L’idée était de sortir l’album d’ici à l’été pour pouvoir jouer de nouvelles chansons lors des festivals d’été en Europe, ce qui aurait été génial. Quand tout ça a été annulé, nous avons rallongé le temps de studio de quelques semaines, nous avons un peu repoussé la date butoir pour le sortir à l’automne et faire que ça coïncide avec une tournée américaine… Mais ça n’a pas non plus eu lieu, donc nous avons passé deux, trois, quatre semaines en studio en plus parce que nous le pouvions. Jens devait mixer l’album et a dit : « Je peux le faire jusqu’à juin, ensuite je compte partir en vacances. J’ai mes vacances avec ma famille qui sont calées. » Mais ensuite, bien sûr, il n’est pas non plus parti en vacances, donc nous avons pu rallonger un petit peu. Je pense que c’était très bien. Bien sûr, quand on a son propre studio, c’est facile d’y rester indéfiniment et de ne jamais s’arrêter, mais je pense que nous avions un plan très clair pour ce que nous voulions faire, il s’agissait juste de trouver comment y parvenir.

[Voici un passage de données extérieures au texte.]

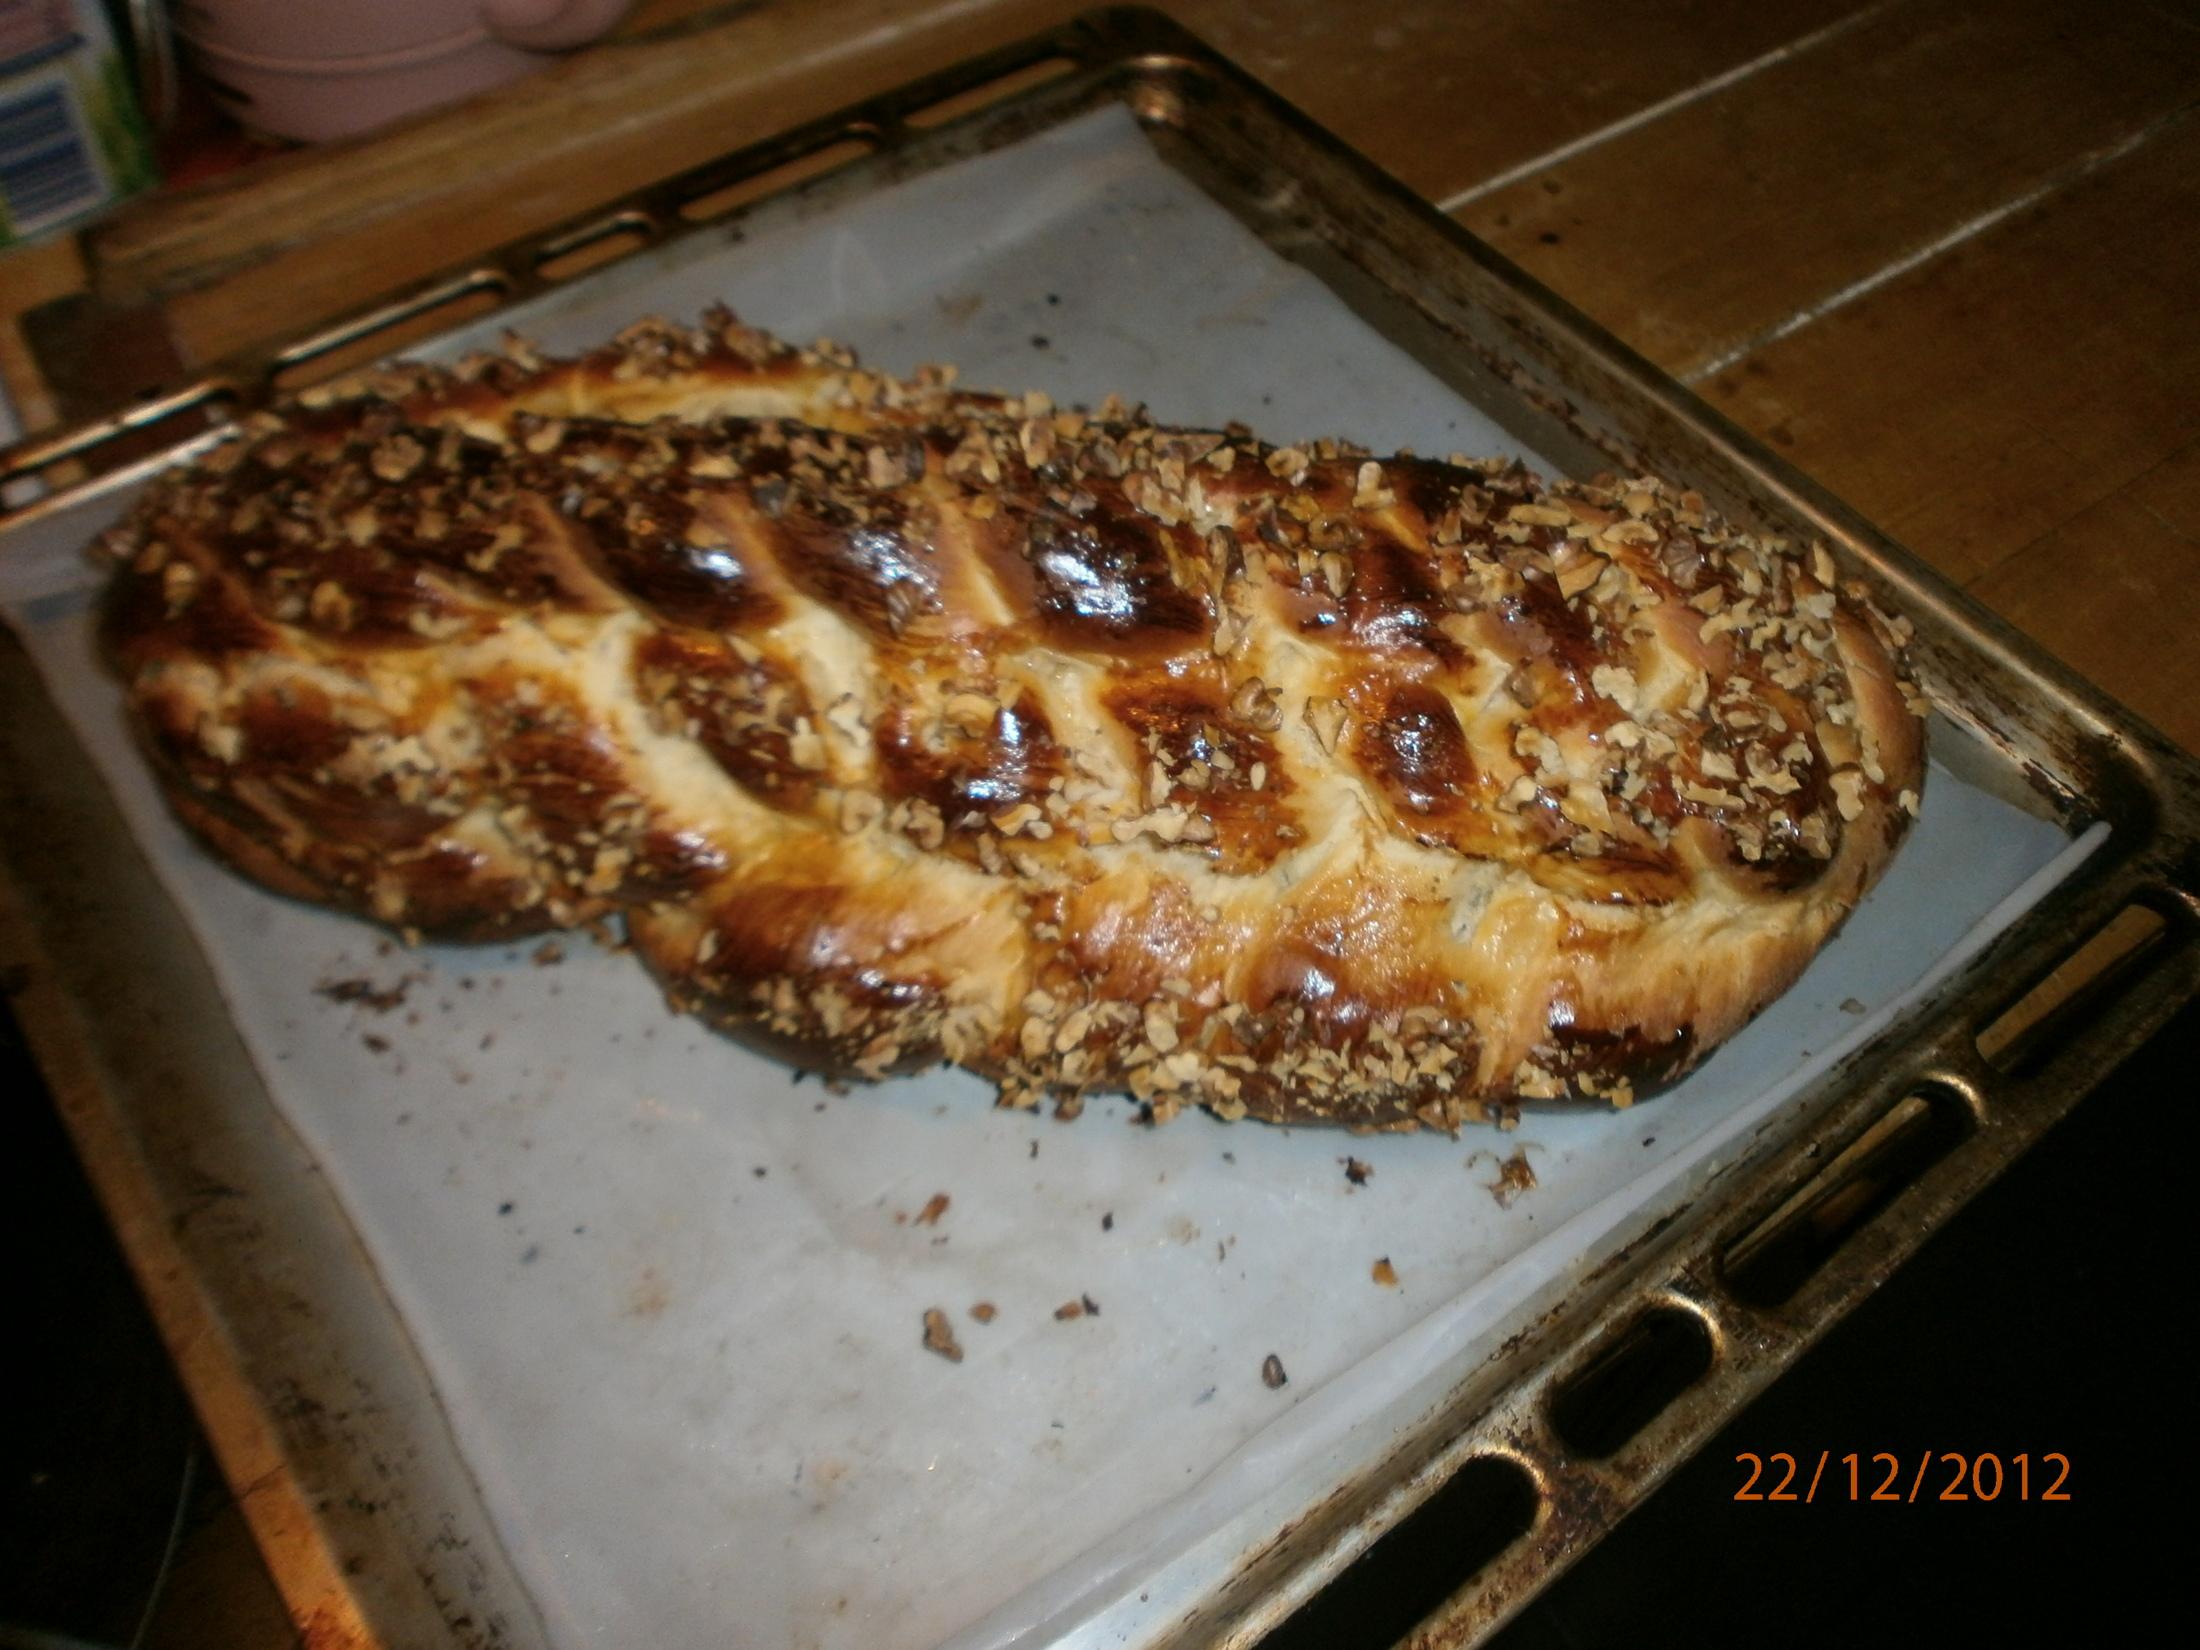 Recept Vánočka mojí babičky - Vánočka byla výborná :)

Il n’était donc pas juste question d’essayer des choses et de tout changer. Nous avons bien fait des fixations sur certaines choses, mais pas au point d’en faire un problème. Ça aurait pu être pire – ce n’était pas un coup à la Chinese Democracy ! [Rires] C’était beaucoup plus focalisé que ça. J’adore le fait que nous ayons l’occasion et le luxe de faire ça, car ça apporte beaucoup de créativité et plein de super solutions.

L’album s’appelle Moment, qui est un terme ayant plusieurs définitions et qui peut être interprété de différentes manières. Quel sens mets-tu personnellement derrière ce mot ?

L’idée était d’abord d’explorer pourquoi nous en sommes où nous en sommes actuellement : « Comment en est-on arrivés là ? » C’était de comprendre, à un niveau personnel, pourquoi le monde est tel qu’il est, pourquoi il y a des choses qui se produisent dans le monde que je ne peux pas assimiler ou gérer correctement. Sans entrer dans les détails, car ce serait ennuyeux et tout est dans le disque, j’essaye d’explorer ce qui, chez nous, nous a fait arriver là ; ce qui dans notre espèce, dans la race humaine et en nous en tant qu’individus, dans notre passé, notre expression, notre éducation façonne ce moment où on va de l’avant. Qu’est-ce qui nous fait choisir une certaine voie, prendre une certaine direction qui nous fait progresser ? Comment se fait-il qu’on choisisse souvent la mauvaise voie qui mène, peut-être pas à un désastre, mais peut-être pas non plus à l’option la plus intelligente ? Je regarde quelque chose à un niveau macroscopique, puis j’essaye de passer au niveau microscopique : comment c’est arrivé ? Pourquoi suit-on les leaders qu’on suit ? Pourquoi adhère-t-on un certain système de croyance ? Qu’y a-t-il en nous qui fait que nous idolâtrons certaines personnes et en détestons d’autres ? Où est-ce que ça a foiré ? – ce moment. C’était l’idée derrière le titre.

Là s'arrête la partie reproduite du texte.